Other "people's bands" have followed in their wake. And not just the cluelessly conservative likes of The Enemy, whose album title We'll Live and Die in These Towns denies Oasis's dreams of escape. Fiercely intelligent, underestimated working-class bands in their teens and early twenties have also been inspired by the Gallaghers. At Oasis's Liverpool gig last year, I bumped into Dundee's The View, giddy with excitement at seeing their heroes. Uxbridge's brand-new 12 Dirty Bullets have the requisite football-style fans, but also a songwriter, Jamie Jamieson, who literately questions his environment as Noel never would. "They were massively inspirational," he tells me, "because they represent where we come from. Rock stars like David Bowie seem like they come from another planet. Oasis could be the lads next door, who just happened to take over the world."

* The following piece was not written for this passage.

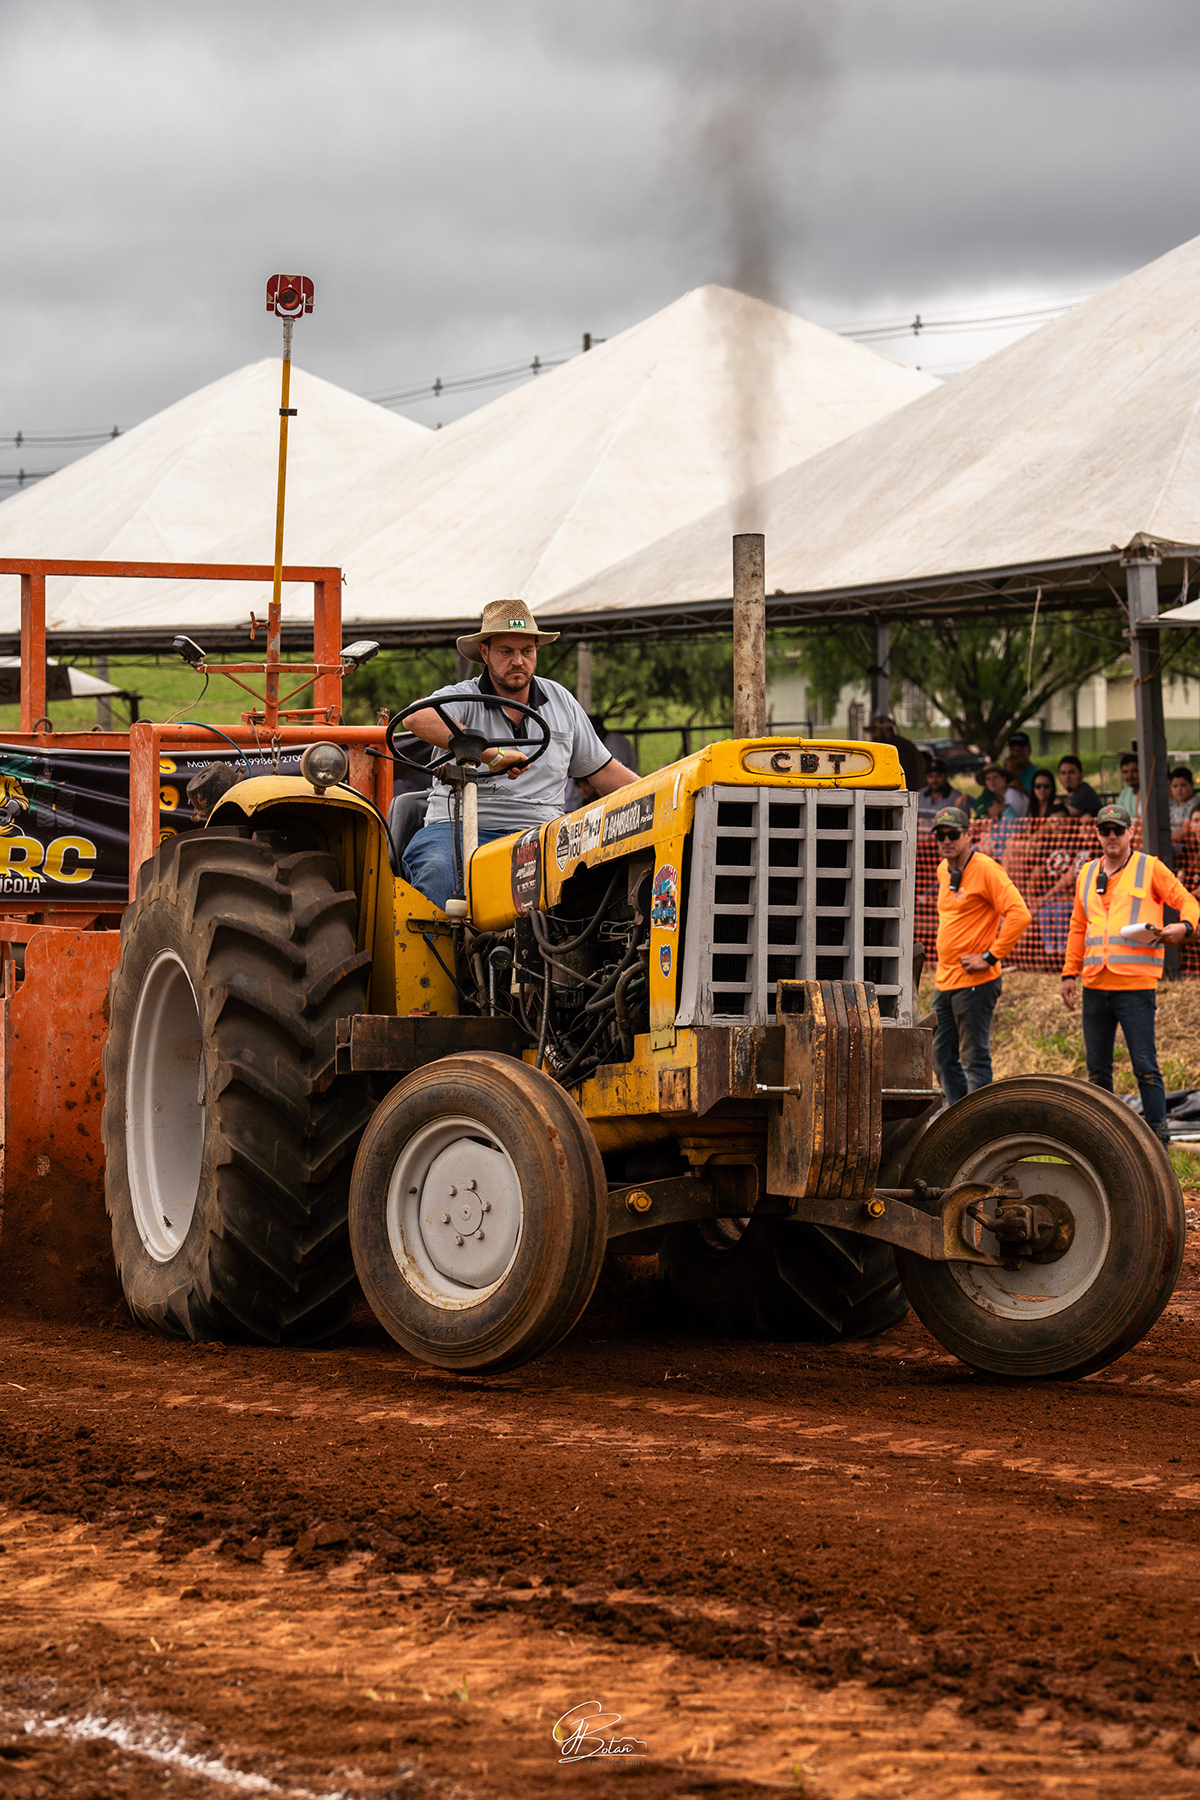 trator Tractor Agro machine arrancada race tratores máquinas pesadas maquinas agricolas agriculture
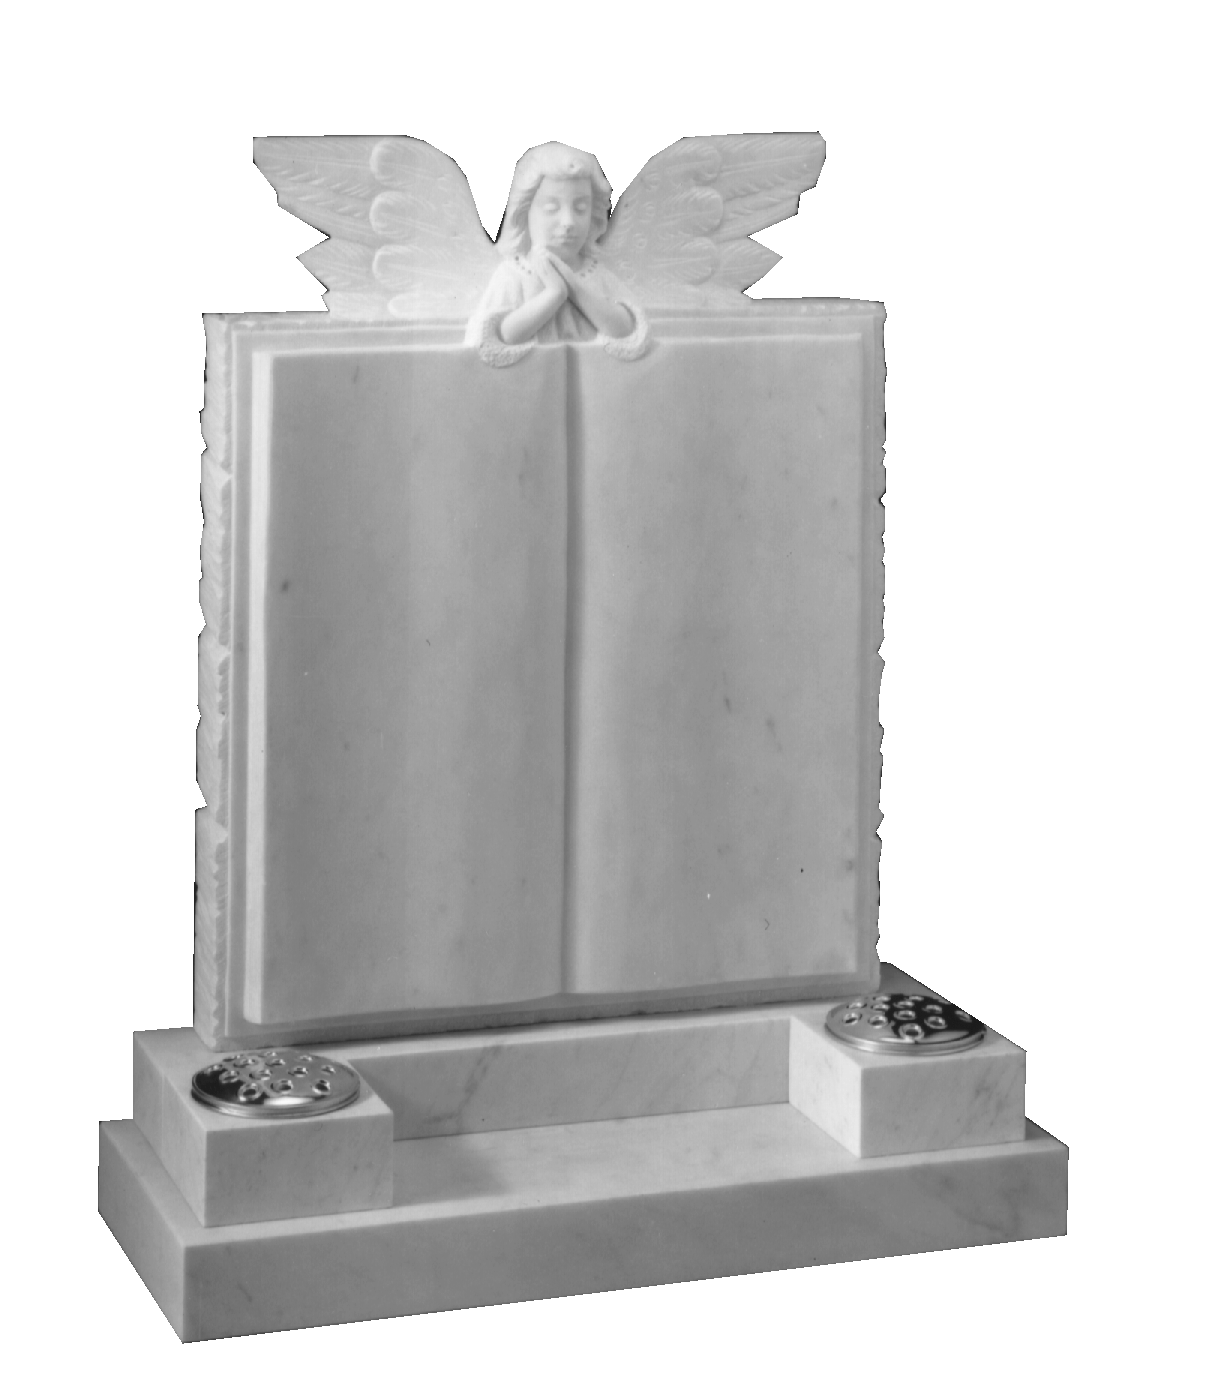 Buy Marble Headstone Hand carved Angel over book design MemorialsMarble Headstones for Sale

Oasis's golden years were only ever short, stretching from their 1994 debut Definitely Maybe to 1996's Britpop Götterdämmerung at Knebworth, when 250,000 fans saw them over two days, the cocaine flowed, and the world seemed theirs for the taking. I was there as a fan, separated from friends for the whole long day, with no apparent prospect of getting home as the rain fell, and Oasis began. But when that impossibly huge crowd roared themselves hoarse as one to the communal anthems which every song on their first two albums had become, nothing else mattered to me. Rock hasn't had that warming generational unity since.
Noel Gallagher has admitted on many occasions since that that is when Oasis should have split. He knew it was the top, from which they could only fall. He said he didn't have the nerve to do what his hero Paul Weller had done with The Jam, that he had to keep his band-mates in jobs. It sounded bravely honest the first time, just sad every time afterwards. Oasis's legacy to Noel Gallagher had become one of him dutifully clocking on at stadia and studios, the opposite of the reason they formed.
Flicking through the channels the other day, I caught Noel singing "Half a World Away", the great old Oasis B-side The Royle Family uses as a theme song, this time alone with an acoustic guitar. It was deeply affecting, in a way not a second of his band's empty thunder was last year. The last remaining good thing Oasis can do is turn out the lights, and let their leader go. When not being closed-minded and cloth-eared, they have freed more people than we'll ever know. Noel Gallagher, unburdened from his dying creation, deserves no less.